▶ Your assignment:
What I need is an exact repeat of the lines from the one with "(주)도이치 DOICH ®" through the end of the listing below. Leave out every picture.

▶ Recorded data:
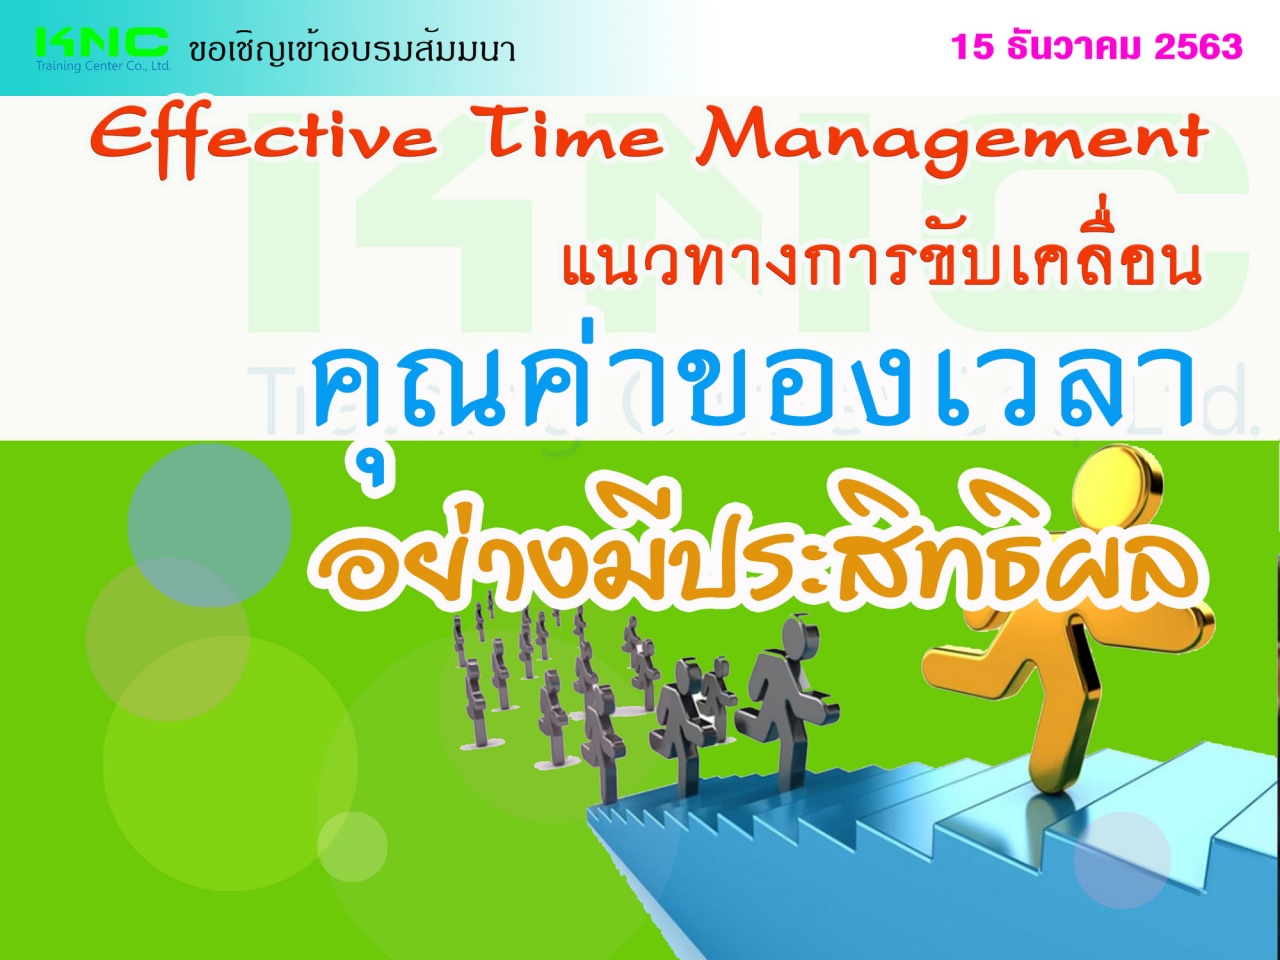 แนวทางการขับเคลื่อน “คุณค่าของเวลา” อย่างมีประสิทธิผล (Effective  Time  Management)
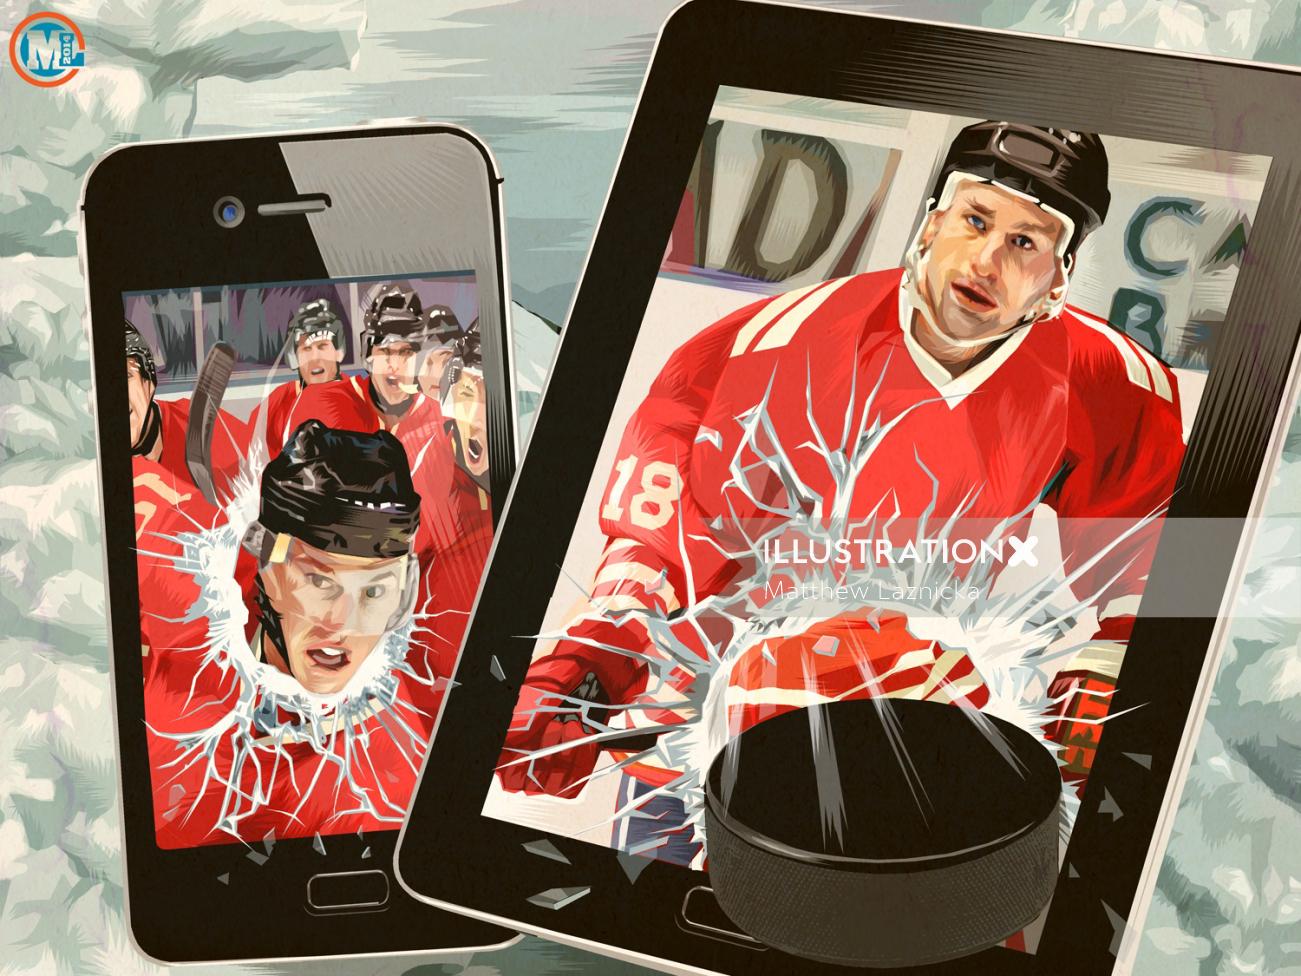 Image graphique de hockey sur glace sur appareil mobile
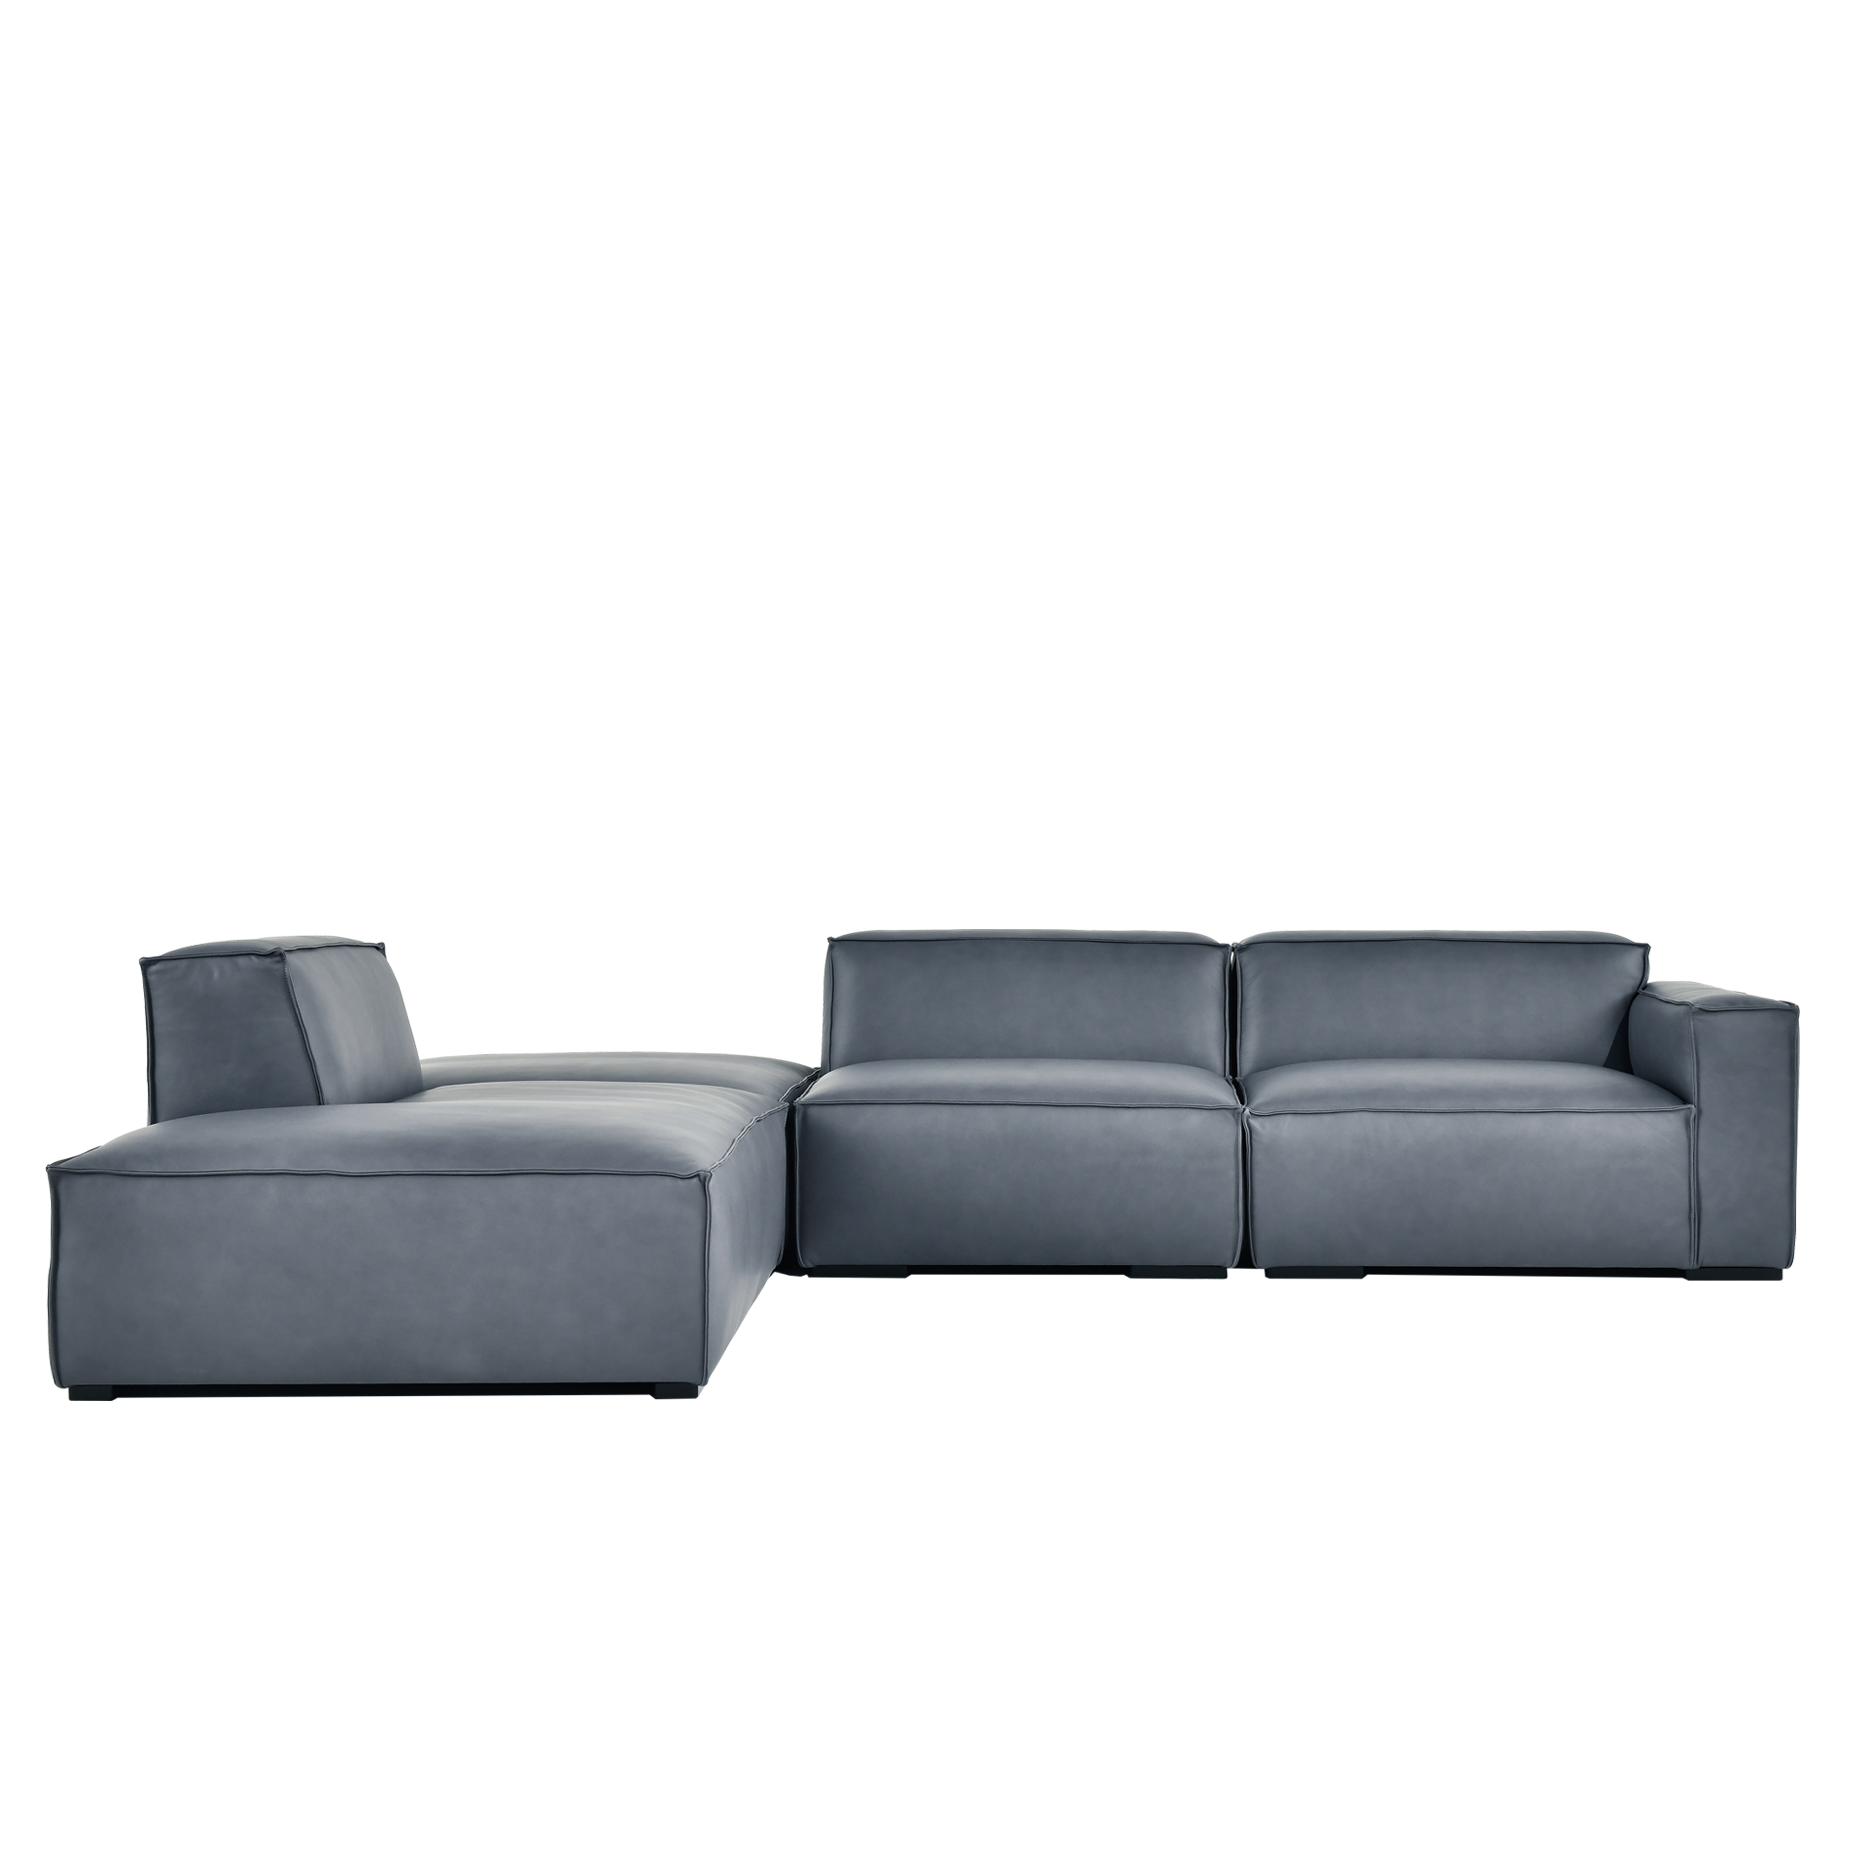 (주)도이치 DOICH ®    PEN2 modular corner couch sofa 도이치 펜2  4인 코너카우치 모듈소파  [4주 주문제작]
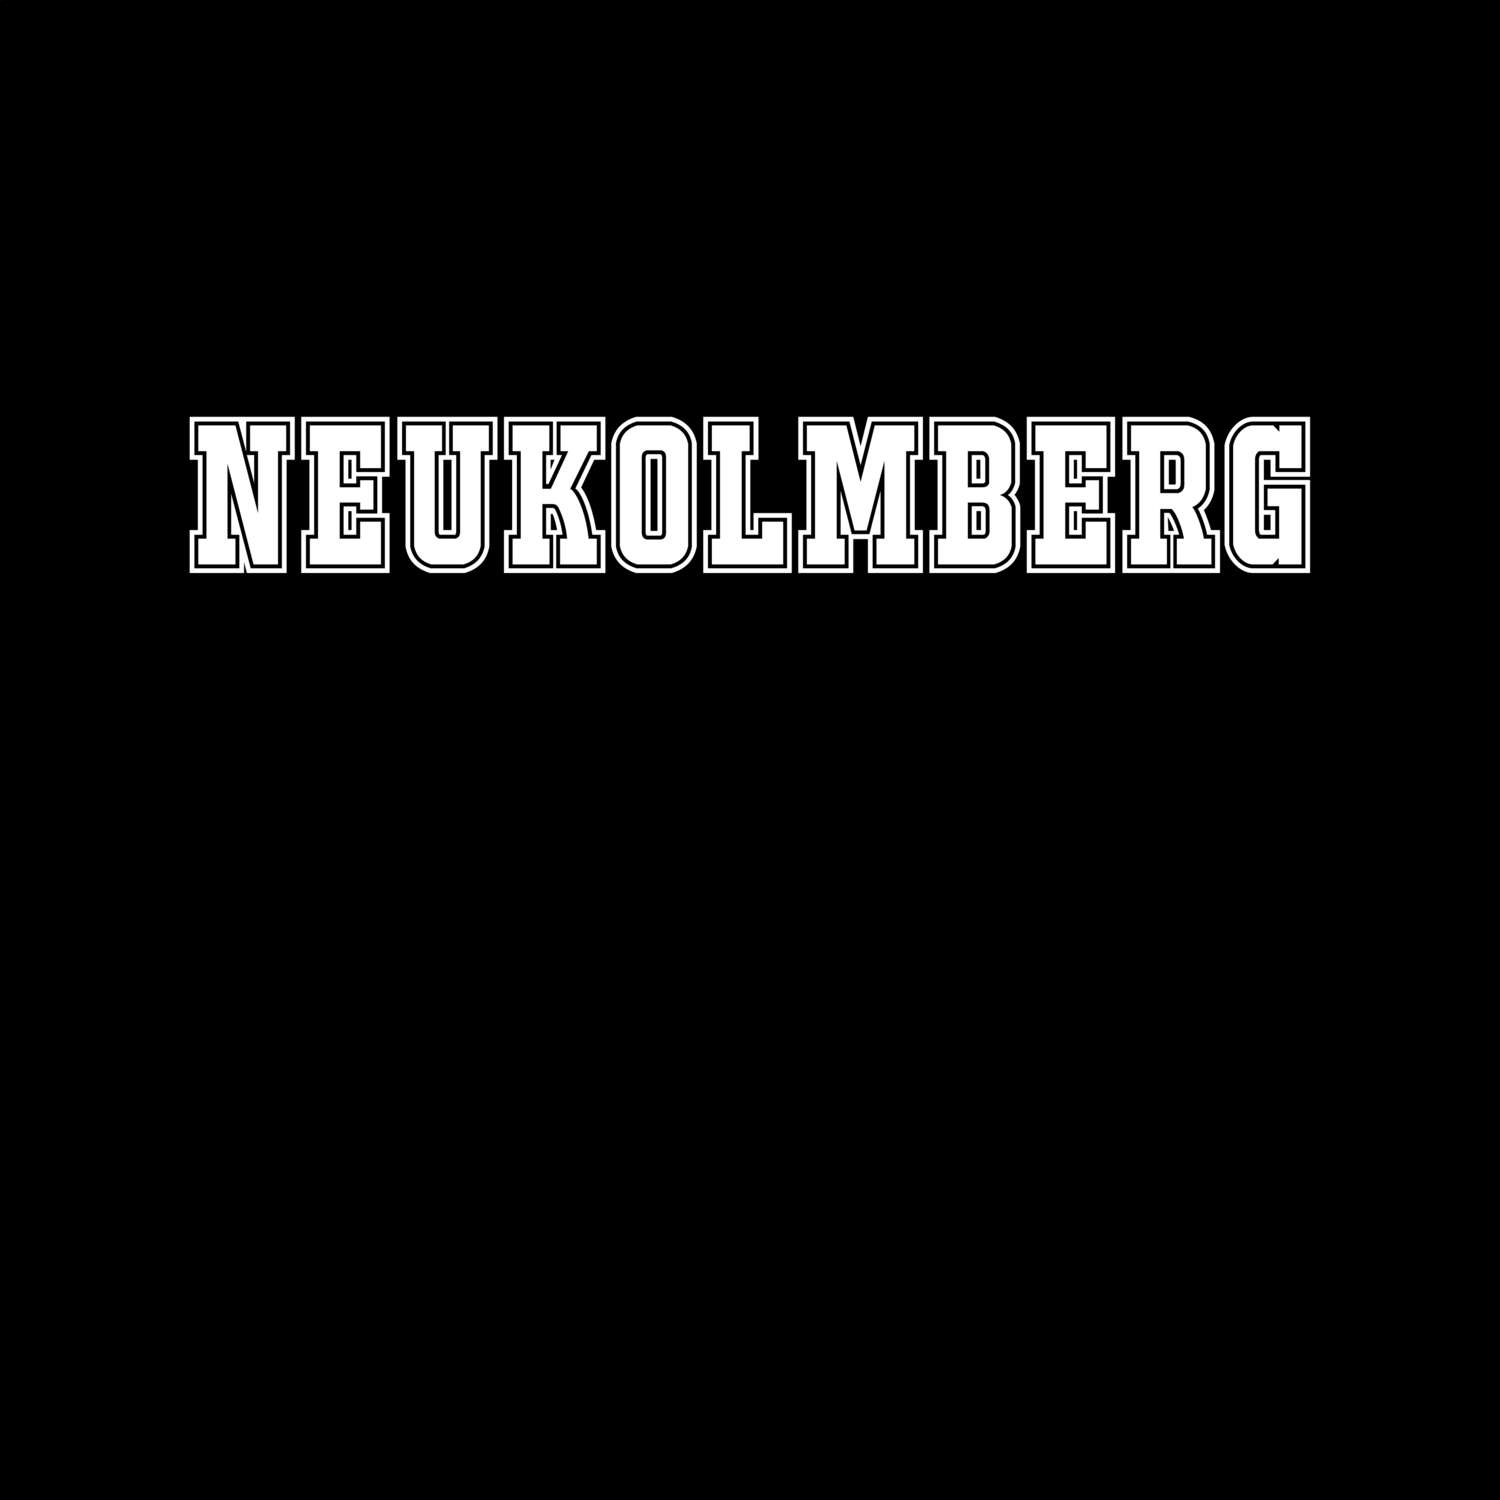 Neukolmberg T-Shirt »Classic«

▶ Your response:
 (주)도이치 DOICH ®    PEN2 modular corner couch sofa 도이치 펜2  4인 코너카우치 모듈소파  [4주 주문제작]
 Neukolmberg T-Shirt »Classic«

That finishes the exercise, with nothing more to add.